CODEWITHSUNDEEP
pythonpython-2.7return
stacknewbie
stacknewbie

Reputation: 11

Variable contains None even after assignment

Here is a function that I wrote:

def conc(i,s,y):
    if sheet.cell(i+1,0).value != sheet.cell(2,0).value :
        # print s
        rtrns = s
        # print rtrns
        return rtrns

    else:
        if i==list1[len(list1)-1]:
            while i<(sheet.nrows):
                # print i
                s = s + " " + unicode(sheet.cell(i,y).value).encode('cp1252', 'replace')
                i+=1
            # print s
            rtrns = s
            # print rtrns
            return rtrns
        else:
            s = s + " " + unicode(sheet.cell(i+1,y).value).encode('cp1252', 'replace')
            #return s
            conc(i+1,s,y)

In the above function, when I print the value of rtrns in the first if block, it displays the value that I need.

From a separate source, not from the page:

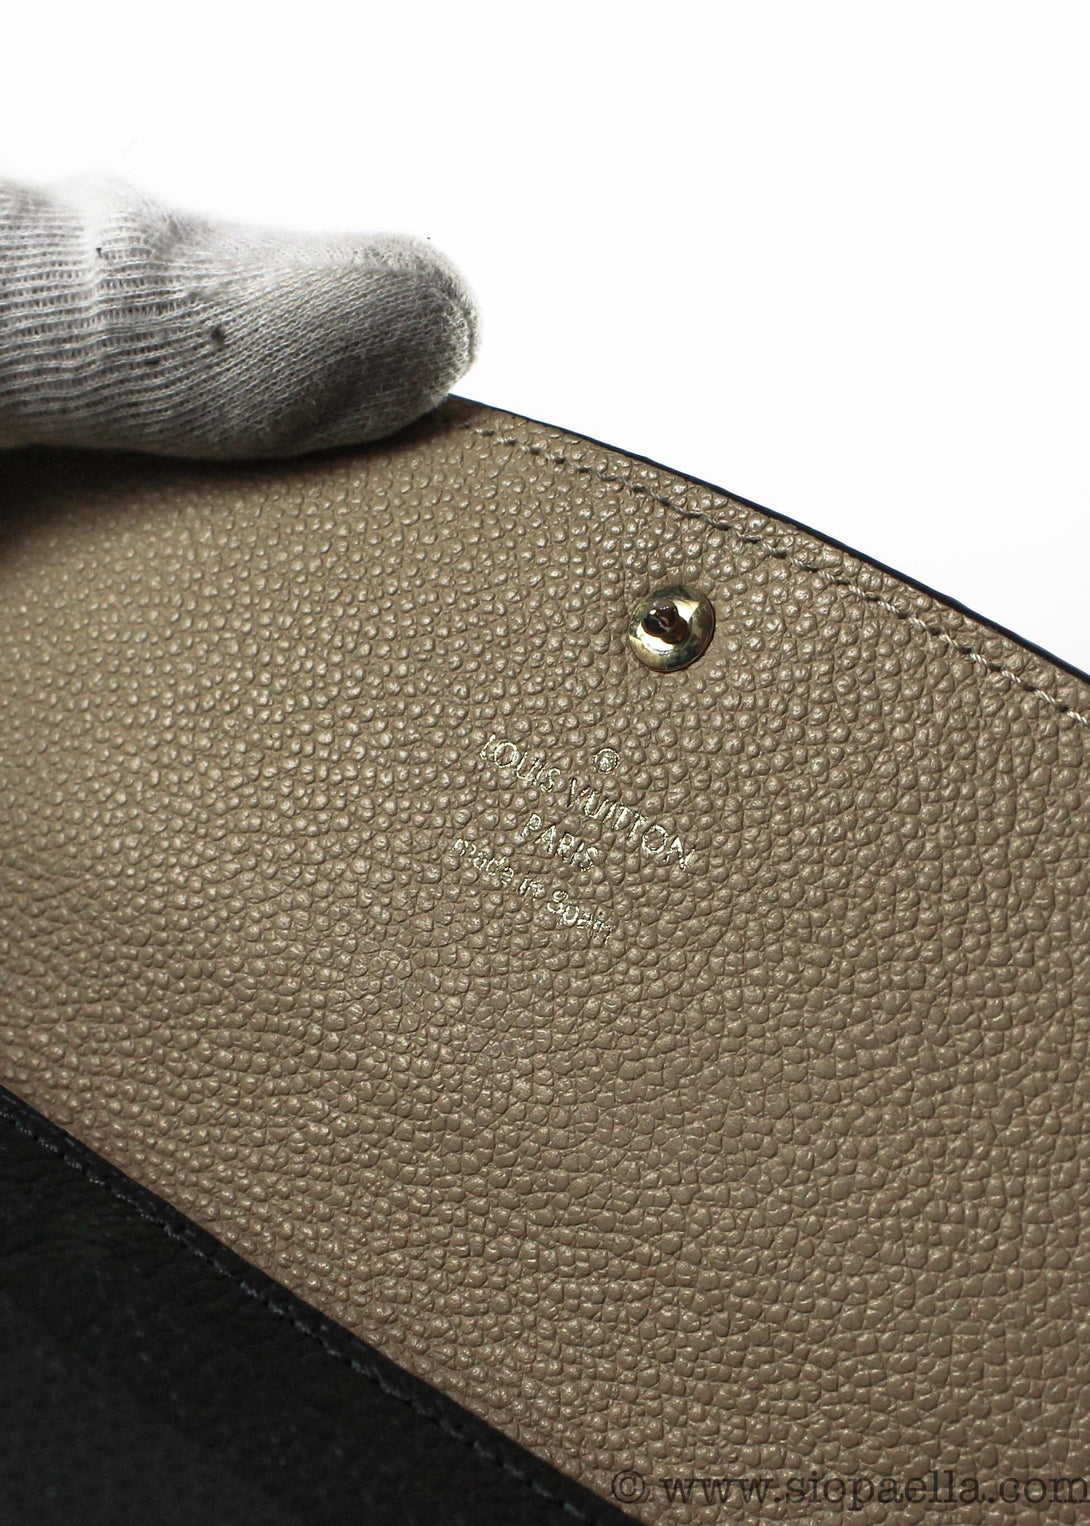 Louis Vuitton Black Leather Monogram "Emilie" Wallet - As seen on Instagram - Siopaella Designer Exchange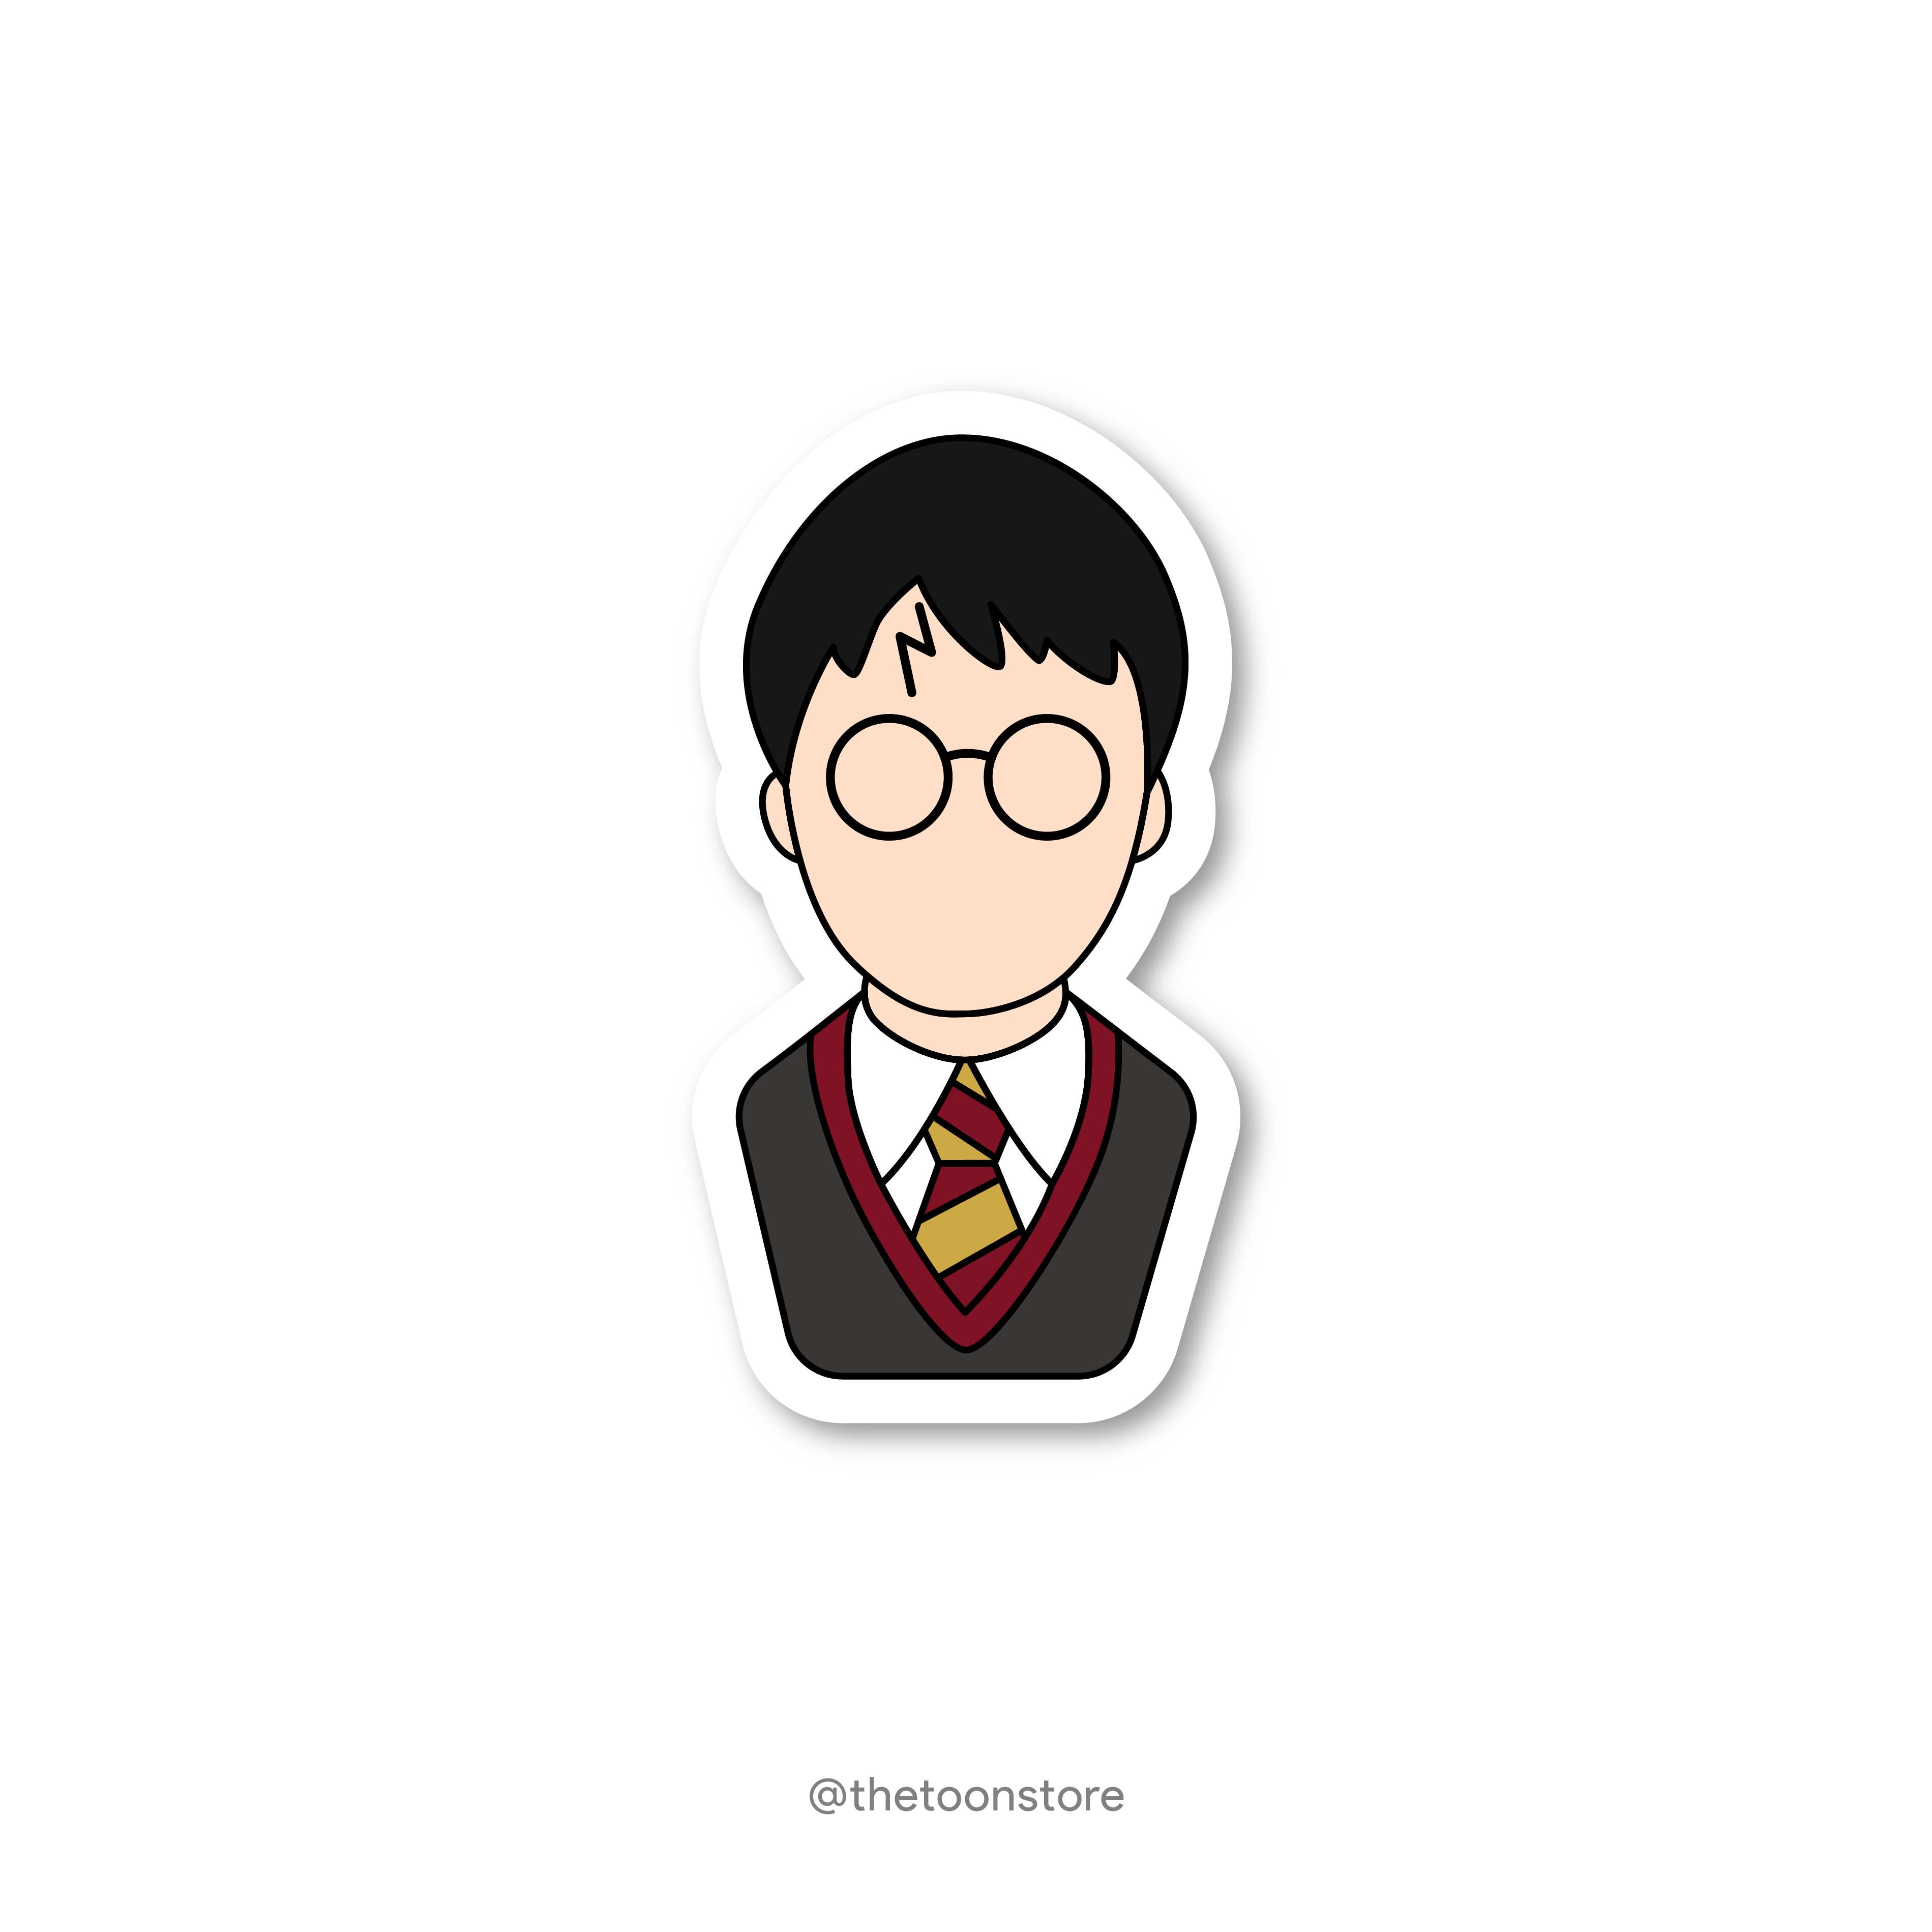 Harry Potter character - Harry Potter Sticker

But when I make a call to the function

c = conc(x,c,2)     #where x fetches an integer value as an index from a list
print c

it returns None

Upvotes: 1

Views: 123

Answers (1)

Abhijit
Abhijit

Reputation: 63767

The return statement is missing in the else part of your code

else:
    s = s + " " + unicode(sheet.cell(i+1,y).value).encode('cp1252', 'replace')
    #return s
    conc(i+1,s,y)

So, there is one code path, where nothing is returned from your recursive function conc.

Change the code and add a return

else:
    s = s + " " + unicode(sheet.cell(i+1,y).value).encode('cp1252', 'replace')
    #return s
    return conc(i+1,s,y)

A recursive call always returns back to the caller. So, when you recursively call conc, and one of the code path issues a return statement, the call gets back to from where you invoked. Another important thing is, a function without an explicit return has an implicit return with None.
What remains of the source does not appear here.